A cela s’ajoutent les dix parcs d’attractions dans le monde, à la fois de belles vitrines et une manne de revenus puisque ceux gérés par des sociétés extérieures versent 5 % de royalties à la maison mère. C’est le cas d’Euro Disney, dont la société est très lourdement endettée (lire encadré). Le dernier parc à thème, ouvert en juin 2016, vise l’immense marché chinois. Il a vu le jour à Shanghai après quinze ans de travaux et 5,5 milliards de dollars d’investissement.
La stratégie du groupe a cependant connu ses moments d’hésitations. En 2004, les difficultés s’accumulent. Un concurrent, les studios Dreamworks fondés par des ex-Disney et Steven Spielberg, propose des dessins animés différents, adaptés à un public transgénérationnel et des images modernisées sur ordinateurs. En tête Shrek, l’ogre vert, renvoie les princes en collants moulant au placard. L’autre concurrent, Pixar, mise sur Le Monde de Nemo l’année où Disney parie sur le trop sage Frère des Ours. Disney a alors l’air d’une proie facile et le groupe de divertissement Comcast (Jurassic Park, Fast and Furious) lance une OPA hostile contre lui. Inquiets et réactifs, les actionnaires font sauter le patron Michael Eisner et le remplacent par Bob Iger, qui a été reconduit jusqu’en 2018.
Trois rachats pertinents
C’est ce même Bob Iger qui va alors racheter des concurrents innovants ou imaginatifs pour donner à Disney le coup de fouet qui lui manquait. D’abord Pixar à Steve Jobs en 2006 pour 7,4 milliards de dollars, puis la machine à superhéros Marvel (XMen, Iron Man) en 2009 pour 4 milliards, et enfin la société de production de Georges Lucas, à l’origine des Star Wars, pour une somme équivalente en 2012. Trois bons calculs.

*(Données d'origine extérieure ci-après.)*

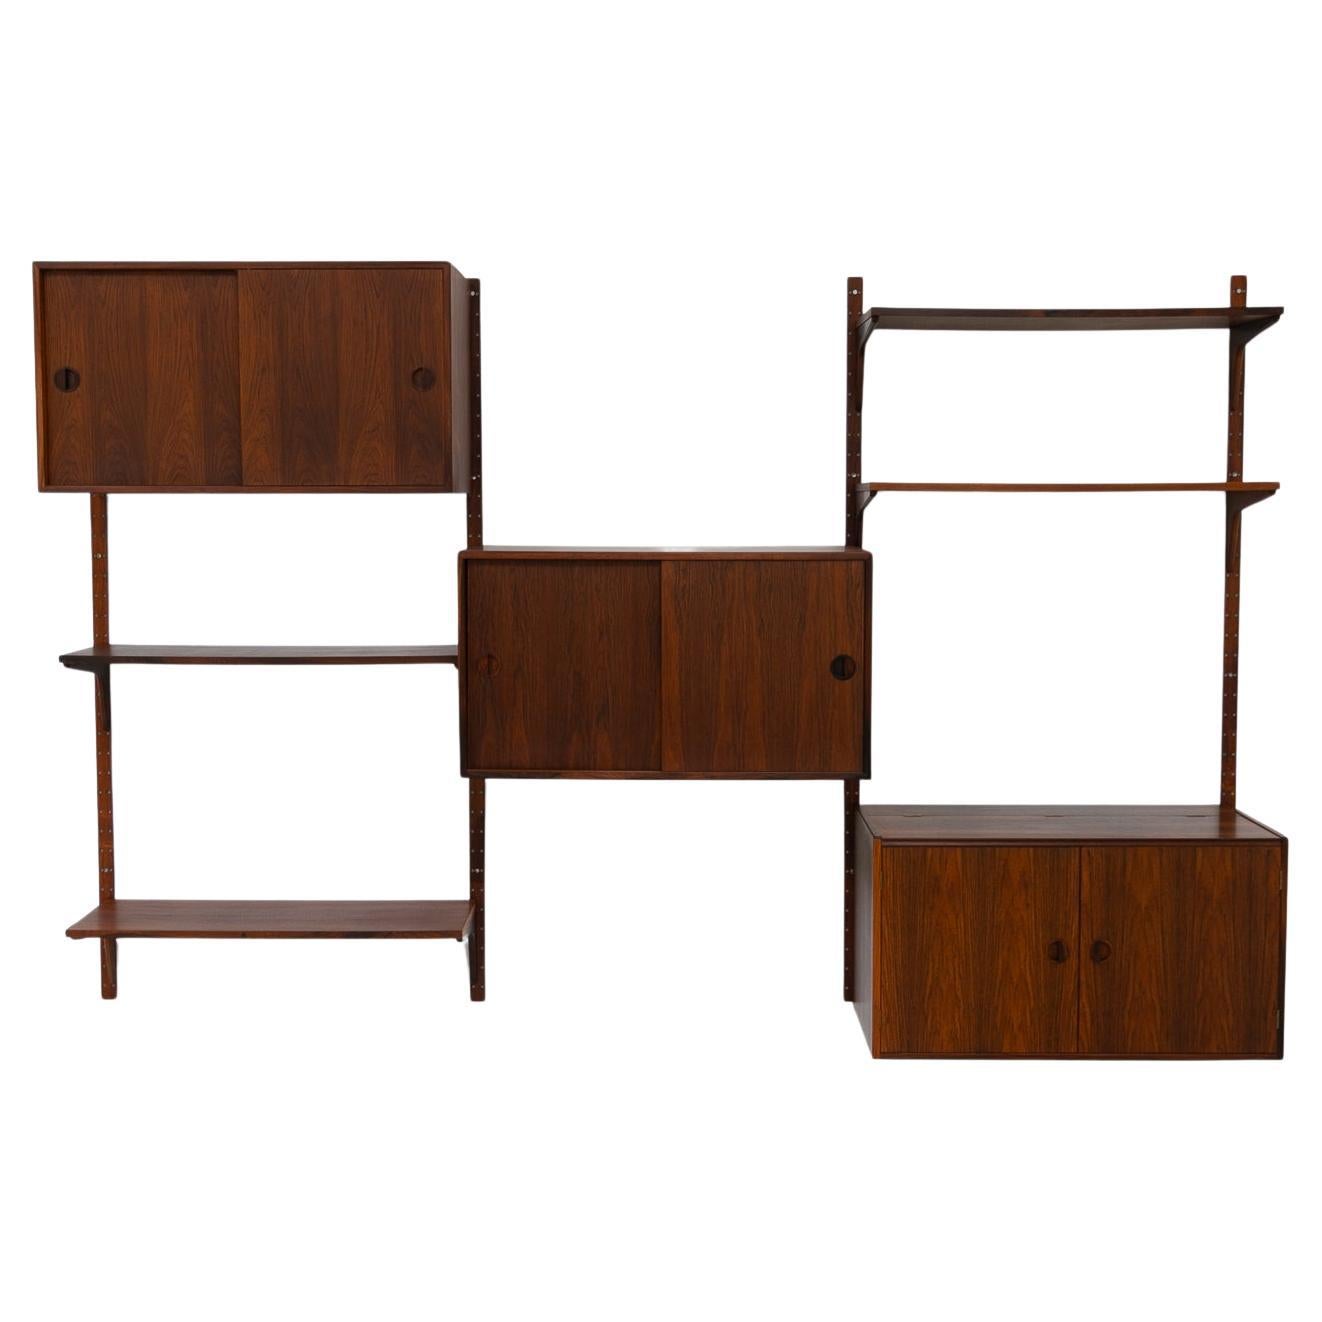 Vintage Danish Rosewood Modular Wall Unit by HG Furniture, 1960s.

Il reste une faiblesse à laquelle Bob Iger doit maintenant s’attaquer : redresser l’activité télévision de Disney, qui génère la plus grosse partie de ses revenus, soit 23,7 milliards de dollars en 2016. Cette quinzaine de chaînes, diffusées en quasi-totalité aux Etats-Unis, comprend les programmes familiaux d’ABC, la sportive ESPN et les Disney channels. Toutes sont concurrencées par les programmes en ligne et en streaming. Le prochain coup de fouet sera celui du numérique.
Euro Disney en proie à des difficultés
A Marne-la-Vallée, Disneyland Paris a fêté ses 25 ans, fier de ses 320 millions de visites. « Nous avons investi massivement dans une nouvelle parade, rénové l’attraction Star Tour et nous allons rouvrir un Space mountain inspiré de Star Wars », s’emballe Julien Kauffmann, vice-président d’Euro Disney. Pourtant cette filiale de la Walt Disney Company va mal. En 2016, le parc a enregistré une baisse de 10 % du nombre de visiteurs et une perte record de 705 millions d’euros avec une dette qui dépasse le milliard. Julien Kauffmann l’attribue en grande partie aux attentats : « Nous avons perdu la clientèle la plus contributive, celle qui vient d’Espagne, d’Italie ou du Moyen-Orient pour trois ou quatre nuitées ». La maison mère a lancé une OPA ce 26 avril : elle veut investir 1,5 milliard d’euros et annuler la redevance 2017. Mais, à 2 euros par action, le prix d’achat est bien loin des 11 euros de l’entrée en Bourse, fin 1989.